DATA:

......

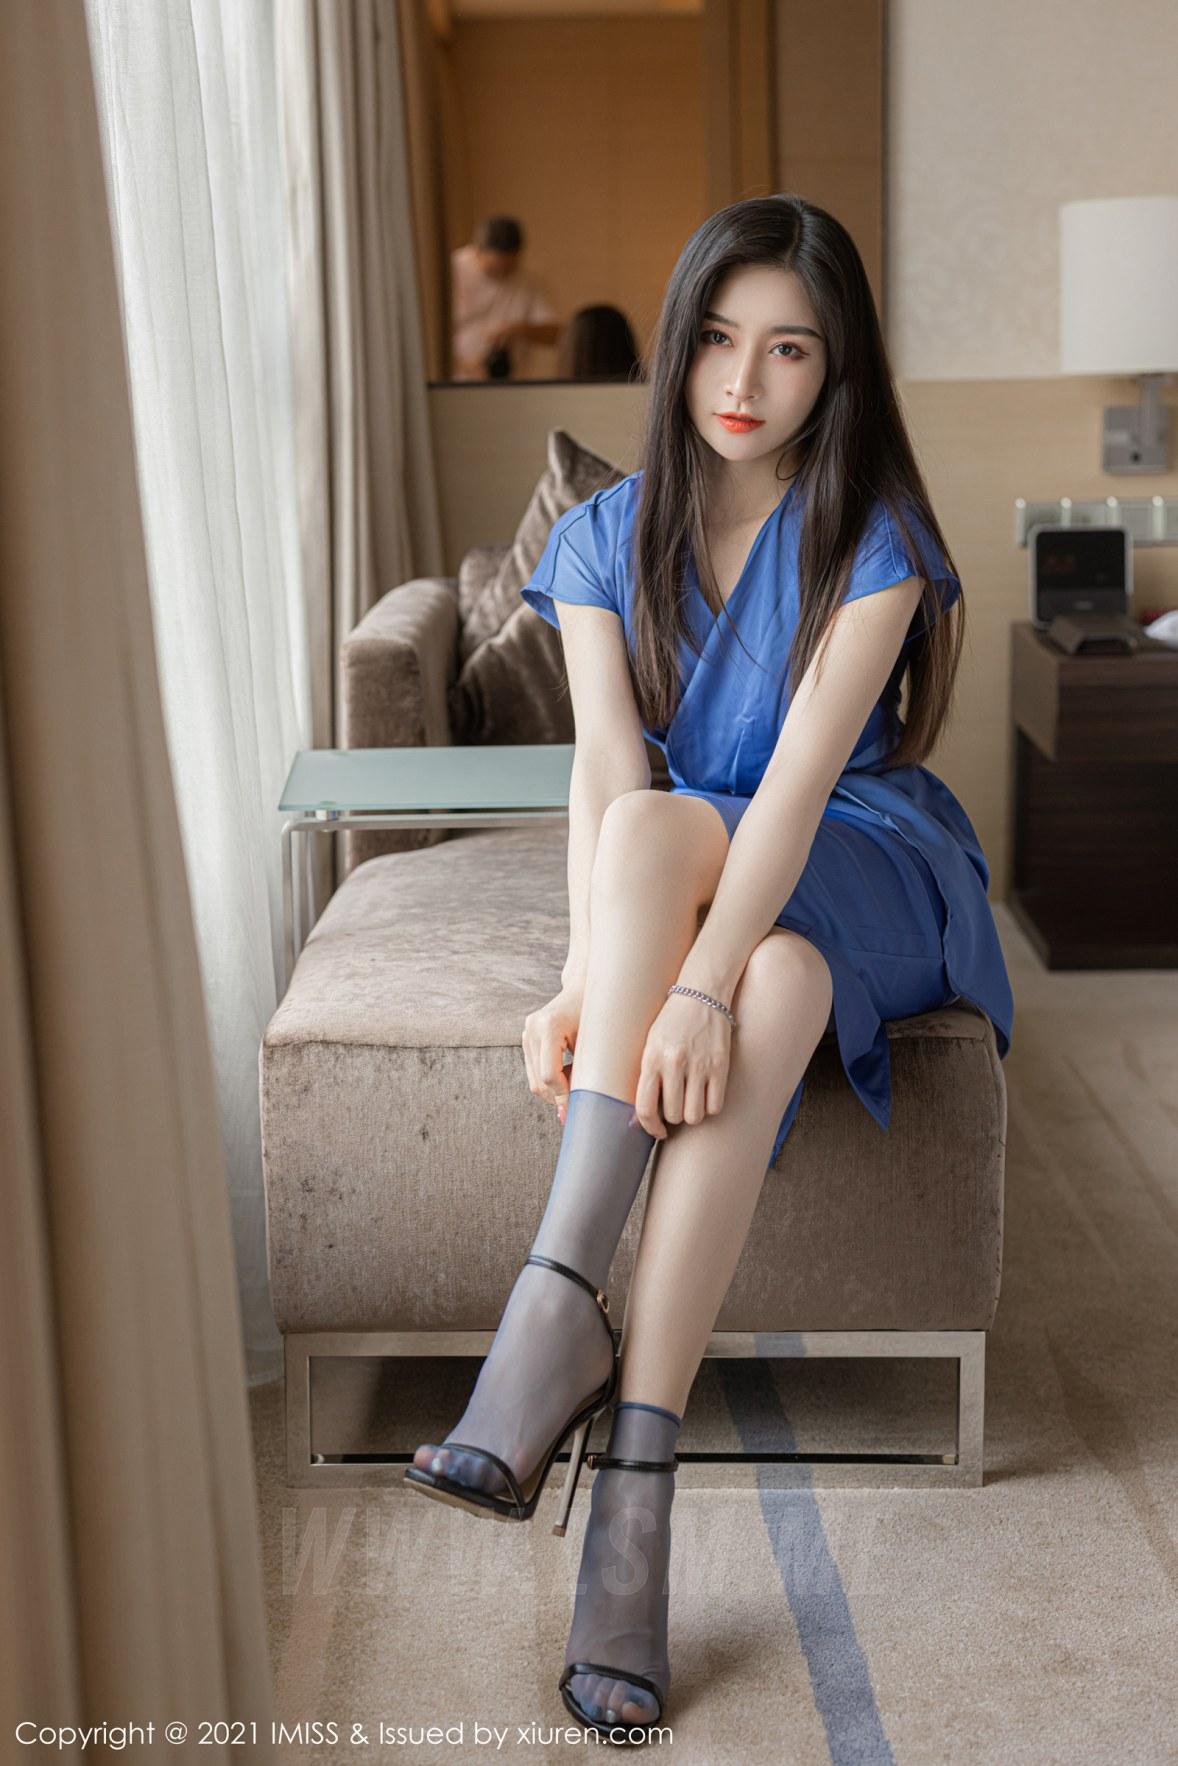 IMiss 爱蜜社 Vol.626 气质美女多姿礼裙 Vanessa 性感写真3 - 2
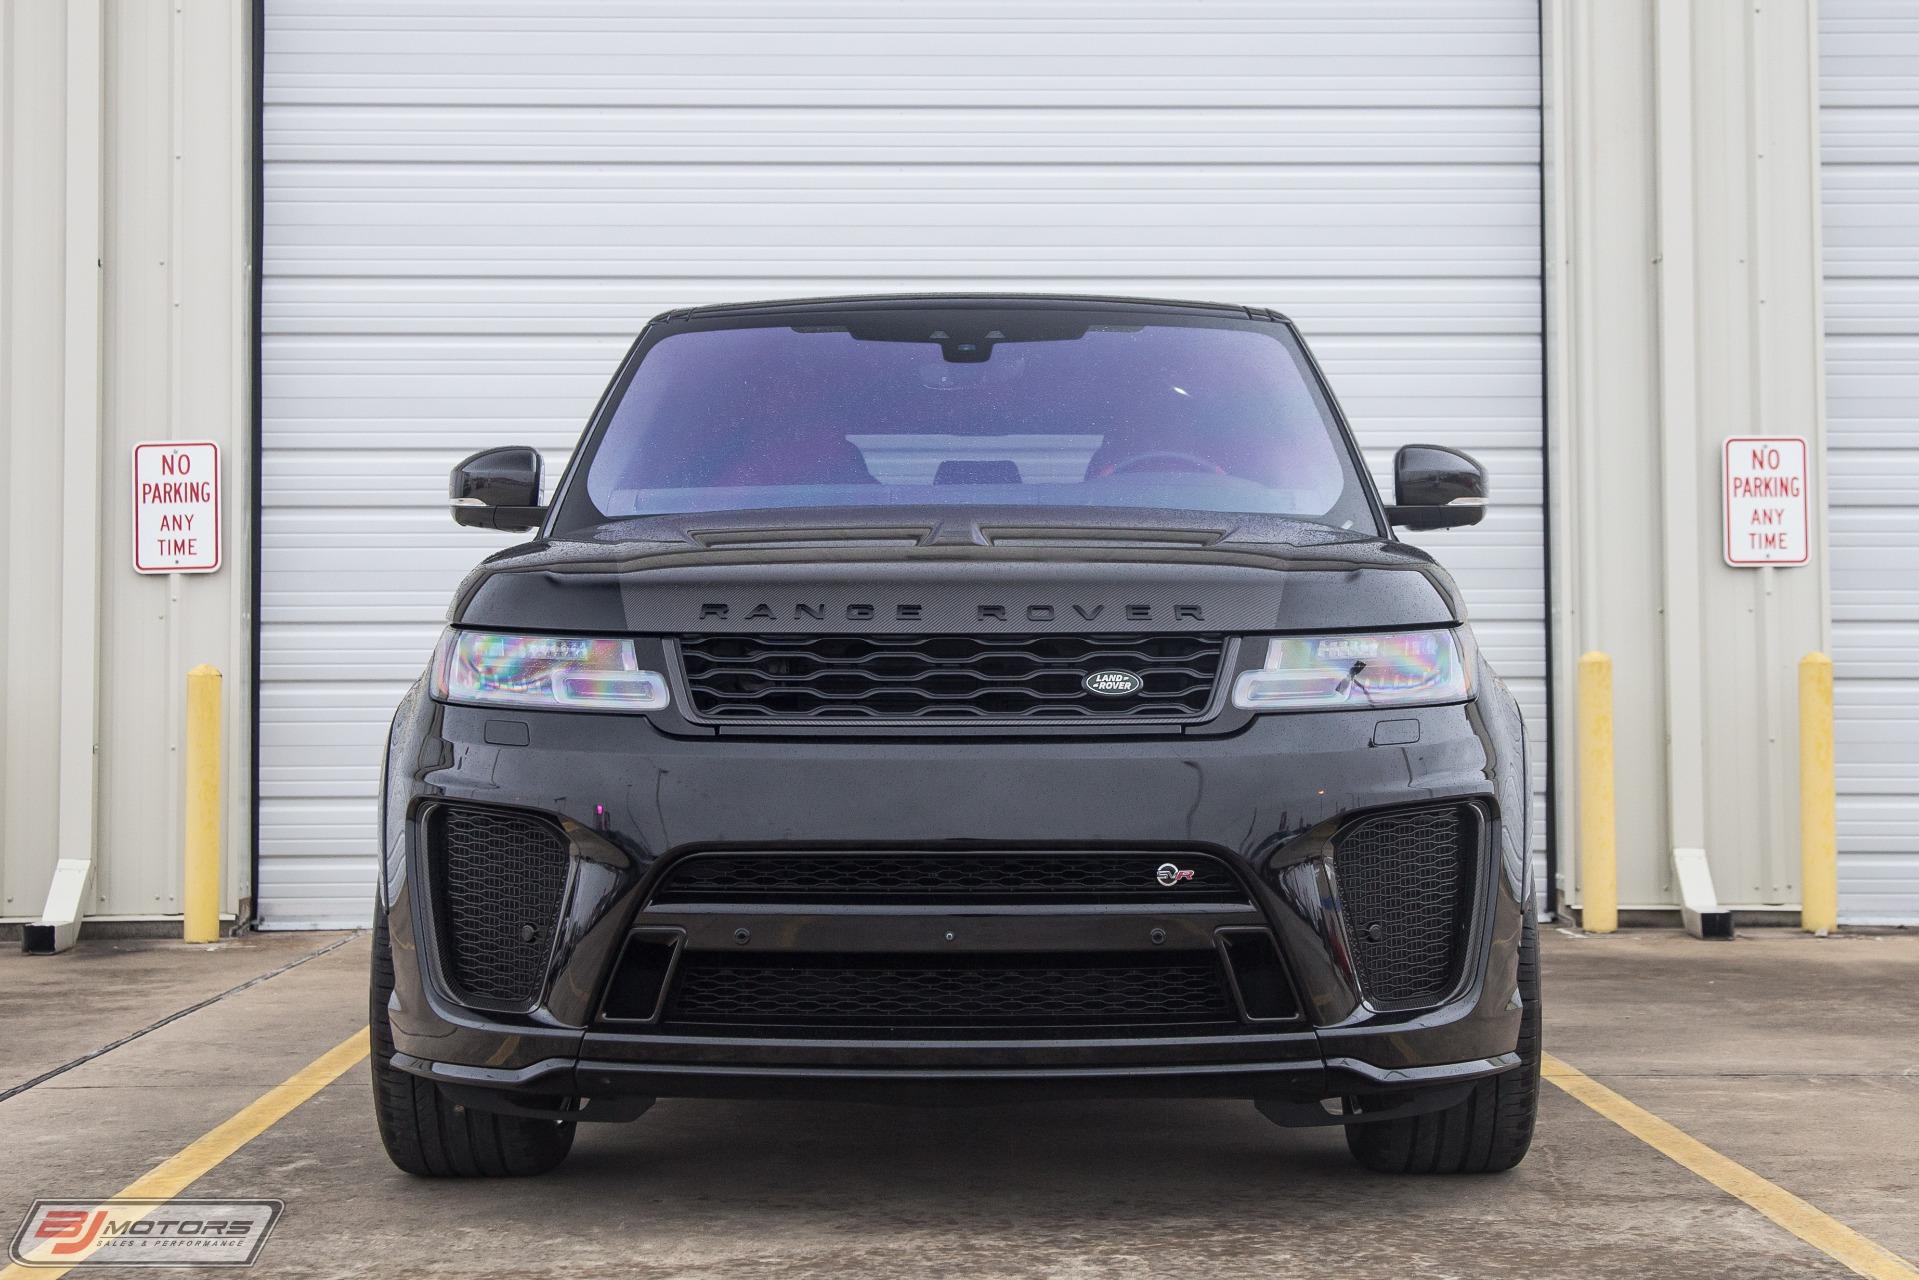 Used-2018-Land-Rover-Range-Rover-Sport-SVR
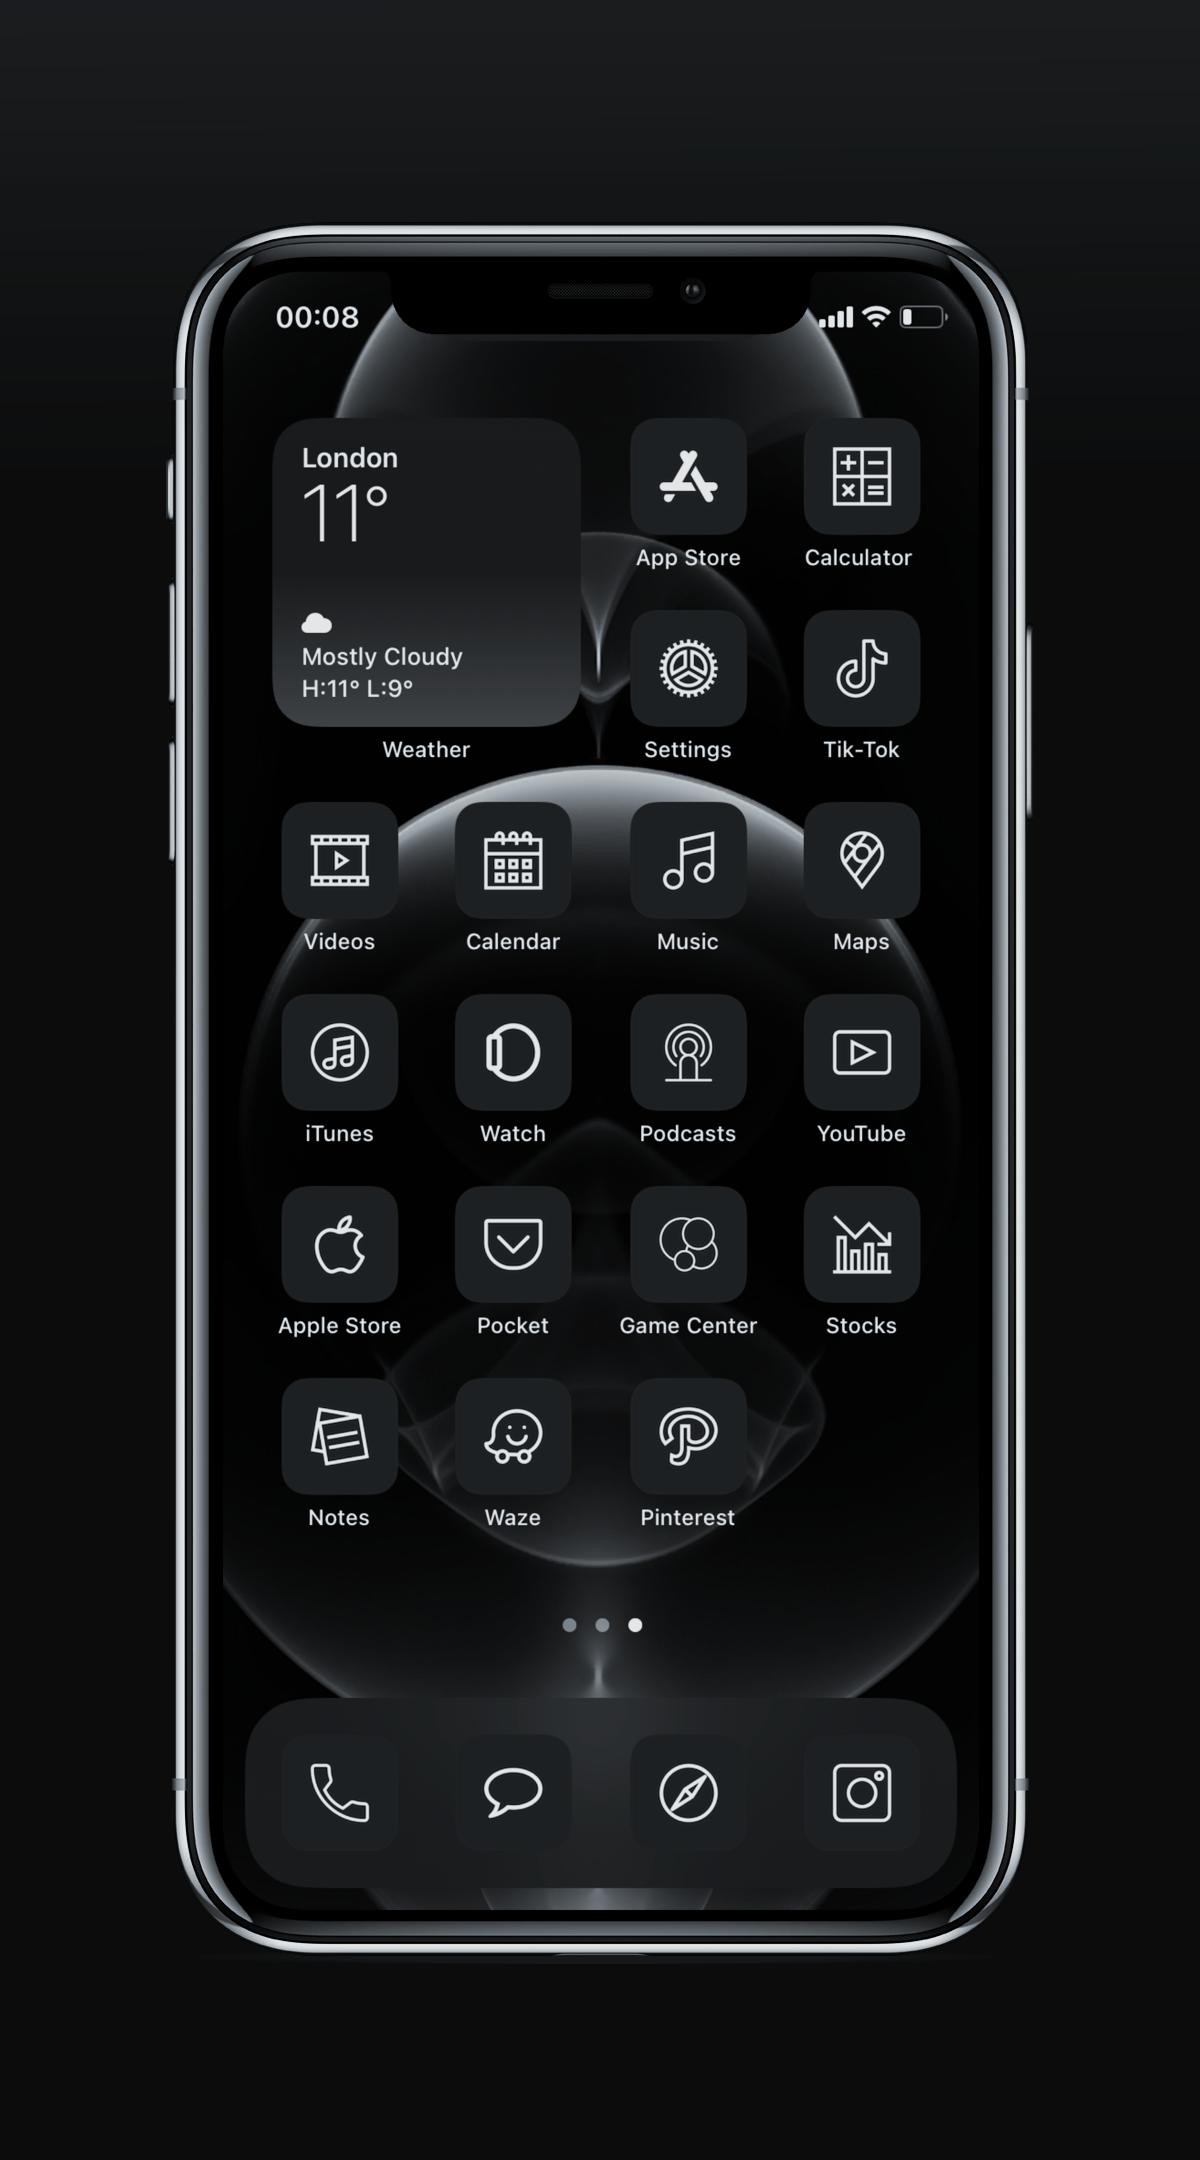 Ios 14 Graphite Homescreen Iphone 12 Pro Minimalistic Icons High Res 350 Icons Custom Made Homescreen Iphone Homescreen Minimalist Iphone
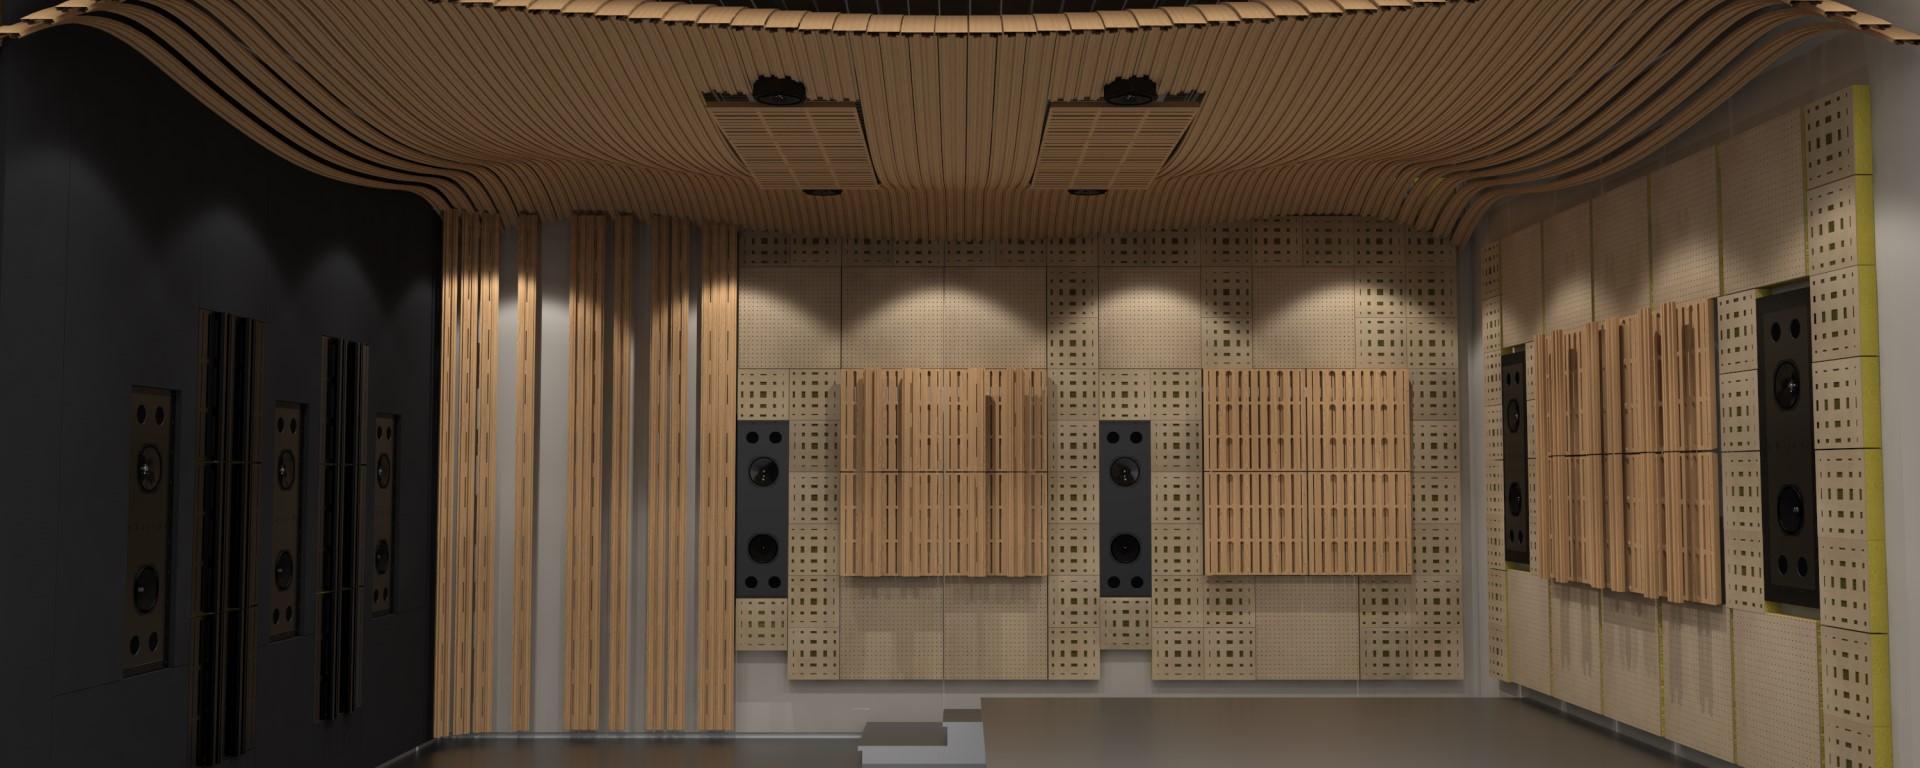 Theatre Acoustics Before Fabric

......

AIM OF THE TASK: Start to finish, write out the data above exactly, omitting all pictures.

EXERCISE RESULT:
 IMiss 爱蜜社 Vol.626 气质美女多姿礼裙 Vanessa 性感写真3 - 2
 Used-2018-Land-Rover-Range-Rover-Sport-SVR
 Ios 14 Graphite Homescreen Iphone 12 Pro Minimalistic Icons High Res 350 Icons Custom Made Homescreen Iphone Homescreen Minimalist Iphone
 Theatre Acoustics Before Fabric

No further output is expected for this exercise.